3.5. Mechanism of methane emission
To investigate the mechanism of electricity production by bioanodes, the competition mechanism between electricity-producing bacteria and methanogenic bacteria was further explored from the above study, as well as the analysis of the principle of methane gas production. CH4 is not produced under all conditions, but rather due to the limited oxygen supply and anaerobic state of the wetland, which creates the prerequisites for wetland methane production(de la Varga, Ruiz et al. 2015). Of course, CH4 production can be divided into three stages, the first is the anaerobic fermentation and decomposition of complex organic substrates by fermenting bacteria into ethanol and fatty acids, etc., and the production of acetic acid, hydrogen and CO2 by syntrophic bacteria. Or acetic acid production by specialized acetic acid-producing bacteria, and finally methane production from acetic acid or CO2/H2 in the presence of methanogenic bacteria(Wang and Ren 2013). The specific equation is as follows.

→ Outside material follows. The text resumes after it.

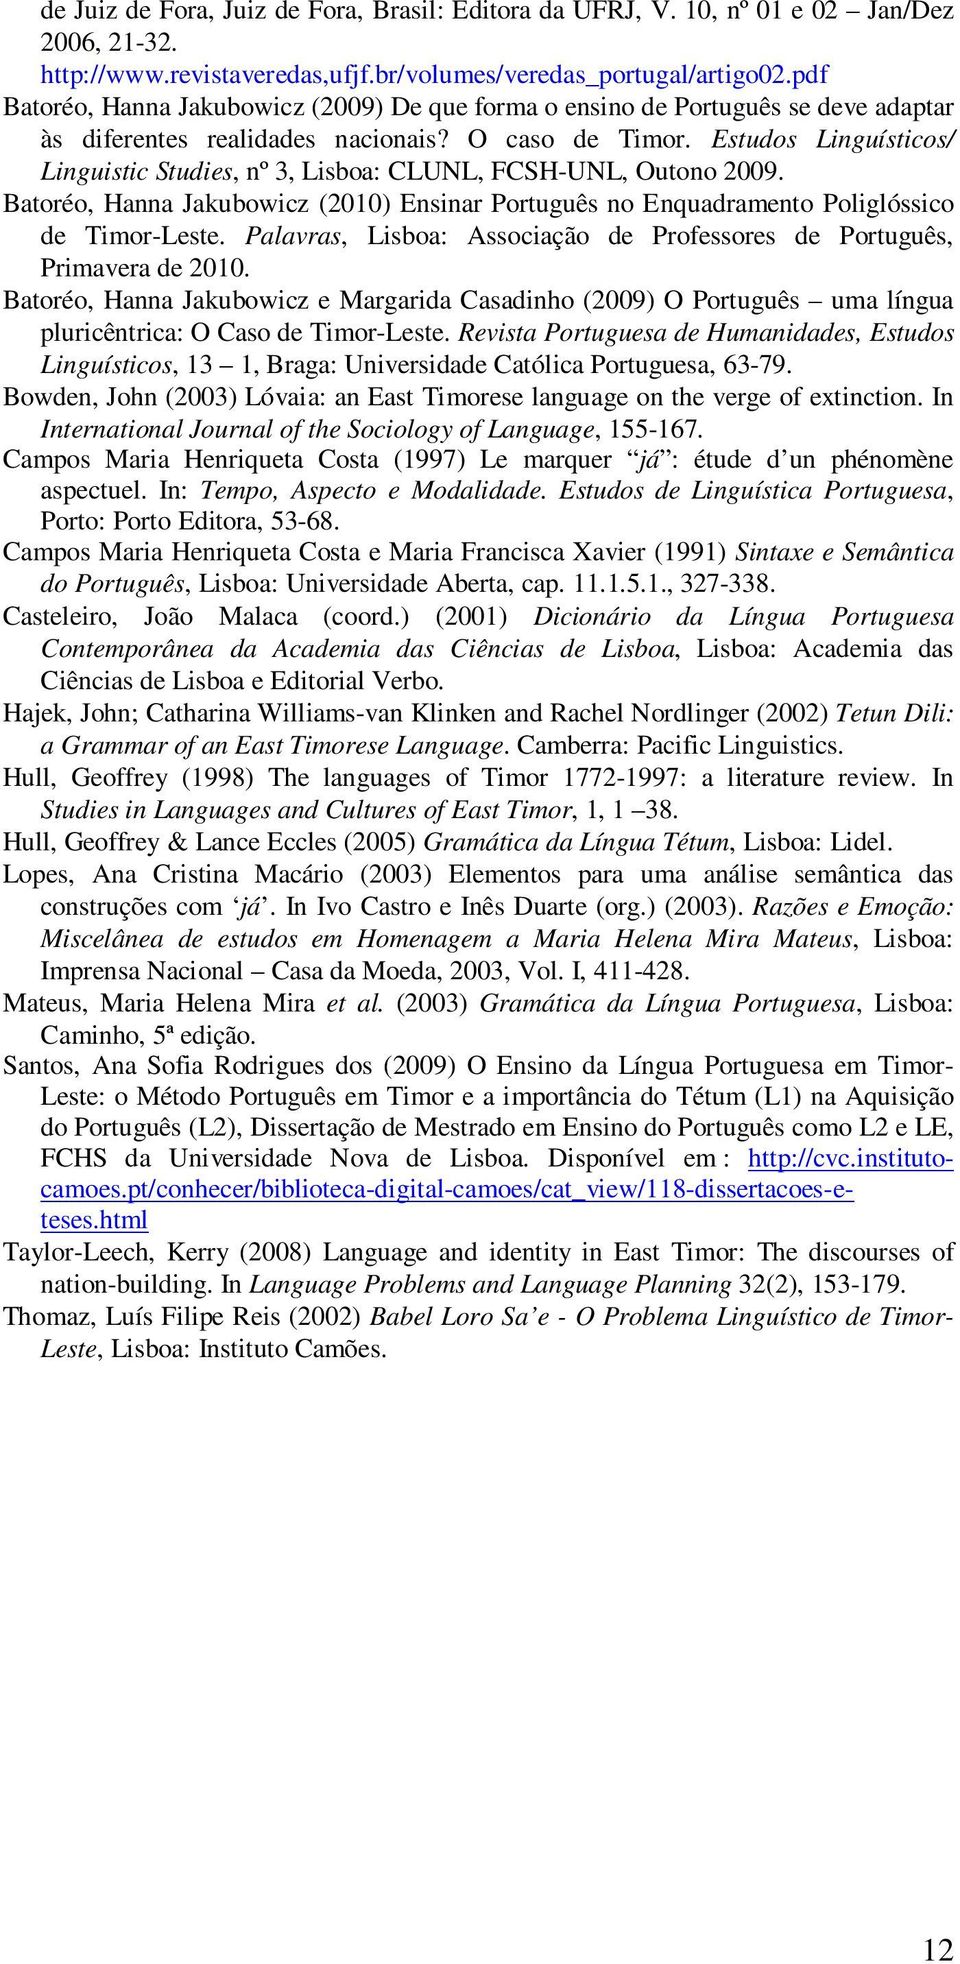 Estudos Linguísticos/ Linguistic Studies, nº 3, Lisboa: CLUNL, FCSH-UNL, Outono 2009. Batoréo, Hanna Jakubowicz (2010) Ensinar Português no Enquadramento Poliglóssico de Timor-Leste.

C6H12O6 + 2H2O → 2CO2 + 2CH3COOH + 4H2 (1)
CH3COOH → CO2 + CH4 (2)
4HCOOH → CH4 + 3CO2 + 2H2O (3)
4CH3OH → 3CH4 + CO2 + 2H2O (4)
4CO + 2H2O → CH4 + 3CO2 (5)
CO2 + 4H2 → CH4 + 2H2O (6)
The contribution of the two CH4 production methods varies due to differences in microbial families, organic matter species and content, etc. in different wetlands. A study of peat bogs using isotope tracing found that 70% of the CH4 was produced by fermentation of acetic acid, while only 30% was formed by reduction of CO2(Chen, Zhao et al. 2021). In contrast, the root system in the plant group, the plant has an enhanced ability to deliver oxygen to the cathode, resulting in an enhanced ability to produce H2O from the cathode. However, the oxygen-secreting capacity of the root system shows a positive correlation with the aeration tissue, so not only does the concentration of the carbon source increase in the presence of plants, but their aeration tissue also emits a certain amount of methane gas.